**Problem details**: When you copy the data, keep every word exactly as it is and leave the pictures out.

**Information provided**:
###

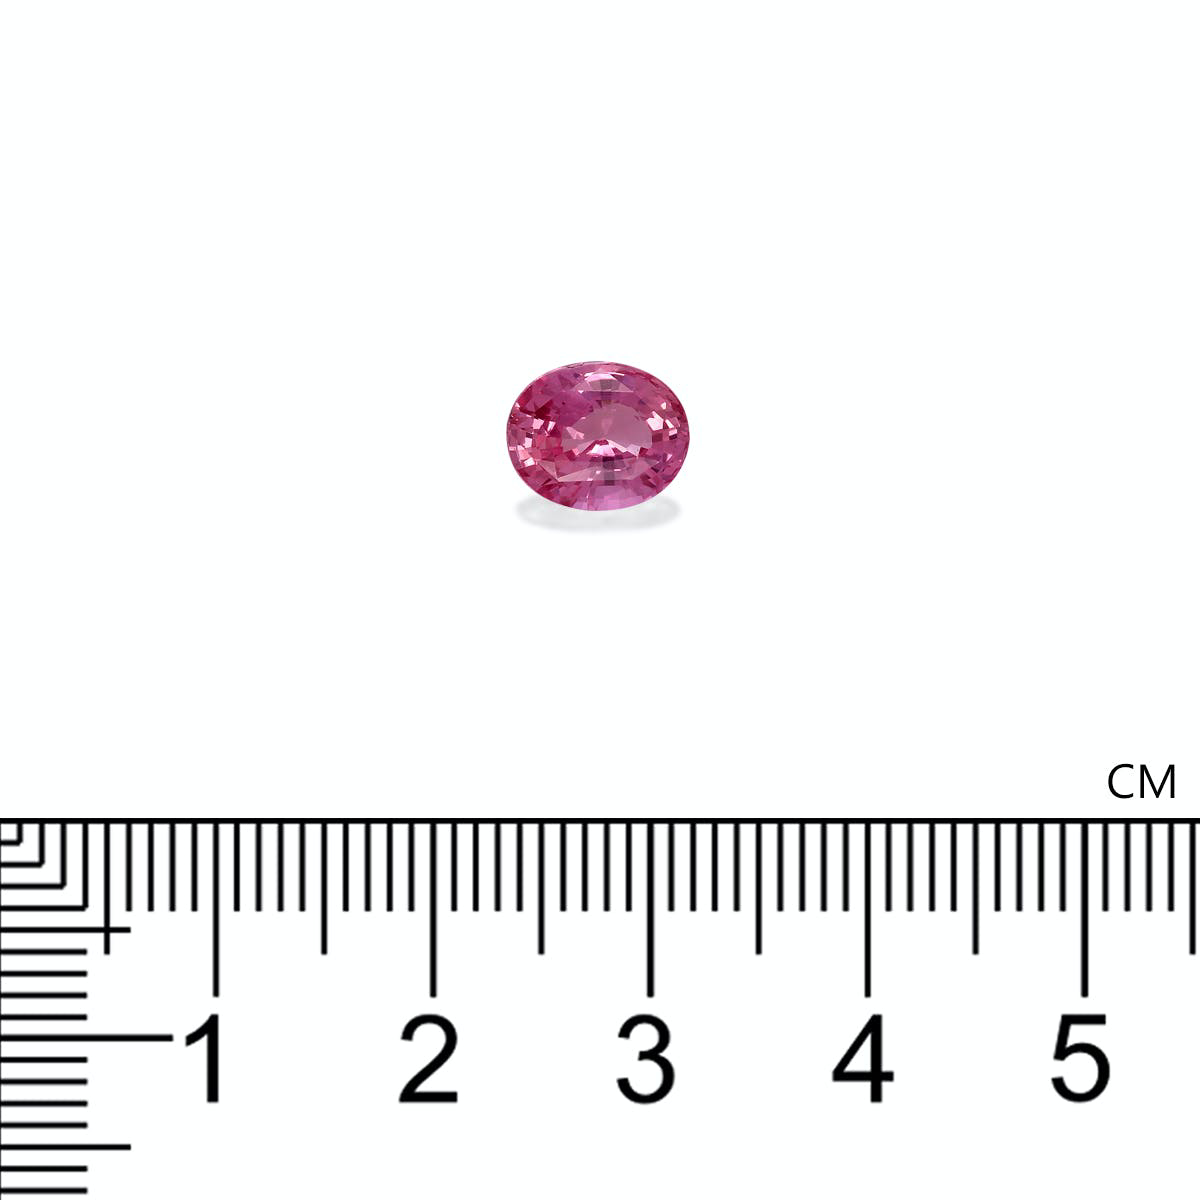 Picture of Pink Padparadscha Sapphire 2.04ct - 8x6mm (PP0020)
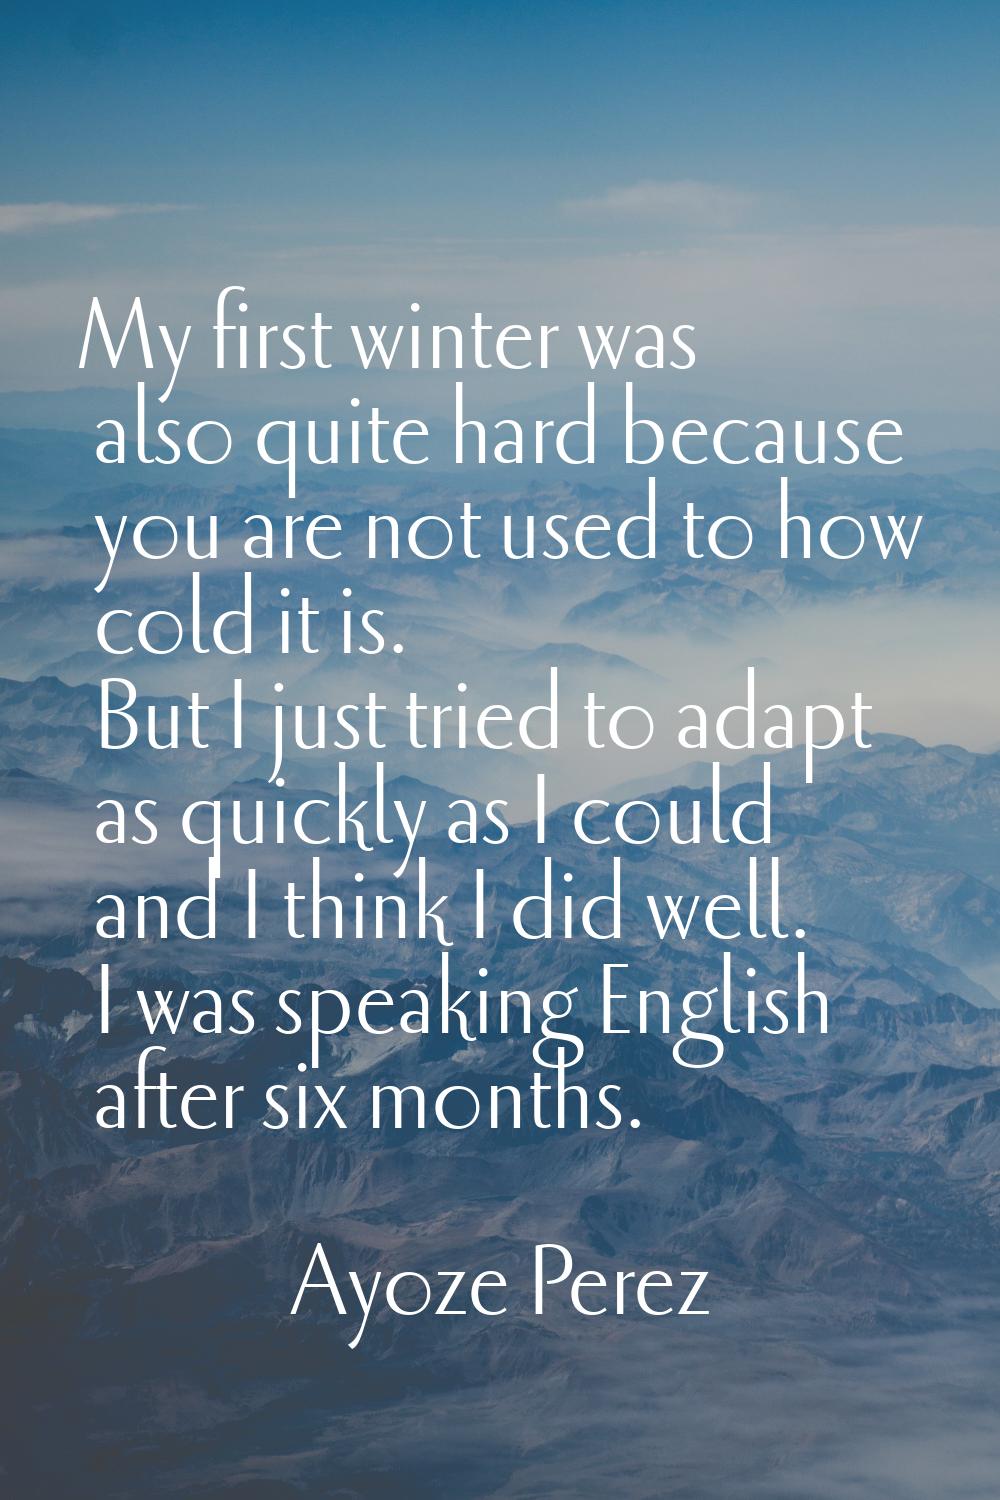 My first winter was also quite hard because you are not used to how cold it is. But I just tried to
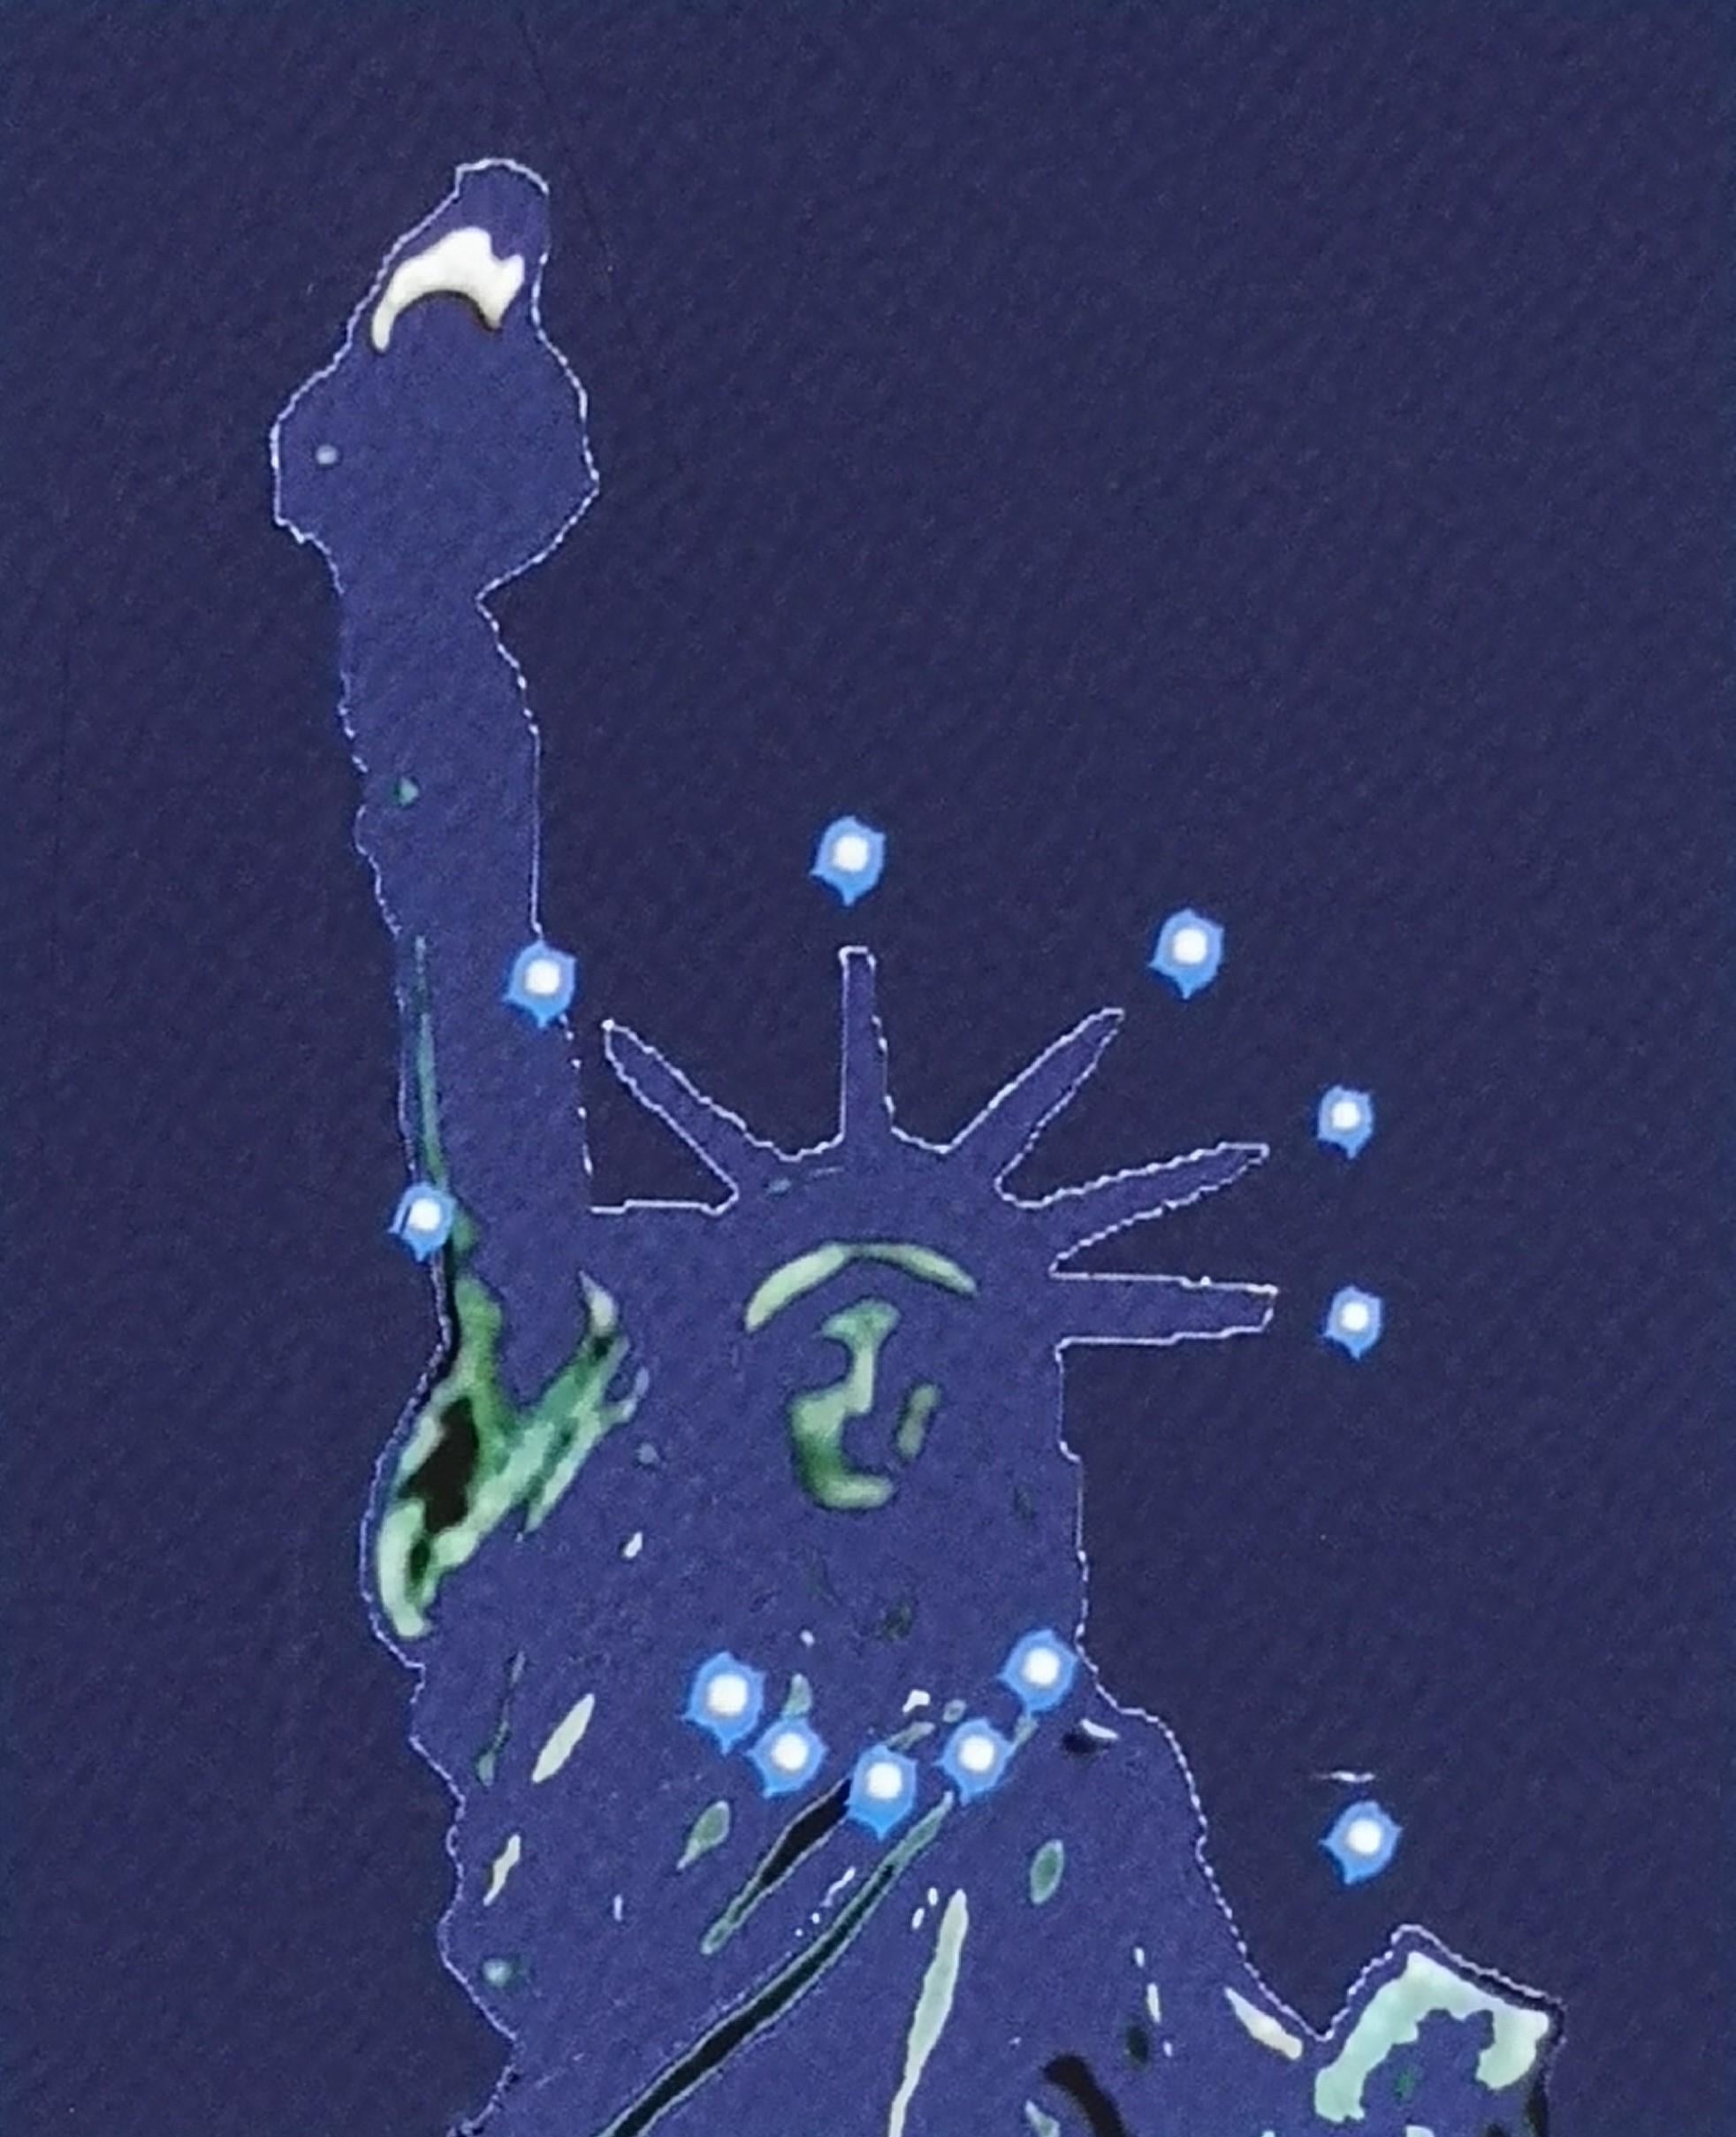 LIBERTY BEJEWELED, Study for 12 Celestial Lights over Liberty - Performance Print by Bellessort

###

**Response to the exercise**:
 Picture of Pink Padparadscha Sapphire 2.04ct - 8x6mm (PP0020)
 My first winter was also quite hard because you are not used to how cold it is. But I just tried to
 LIBERTY BEJEWELED, Study for 12 Celestial Lights over Liberty - Performance Print by Bellessort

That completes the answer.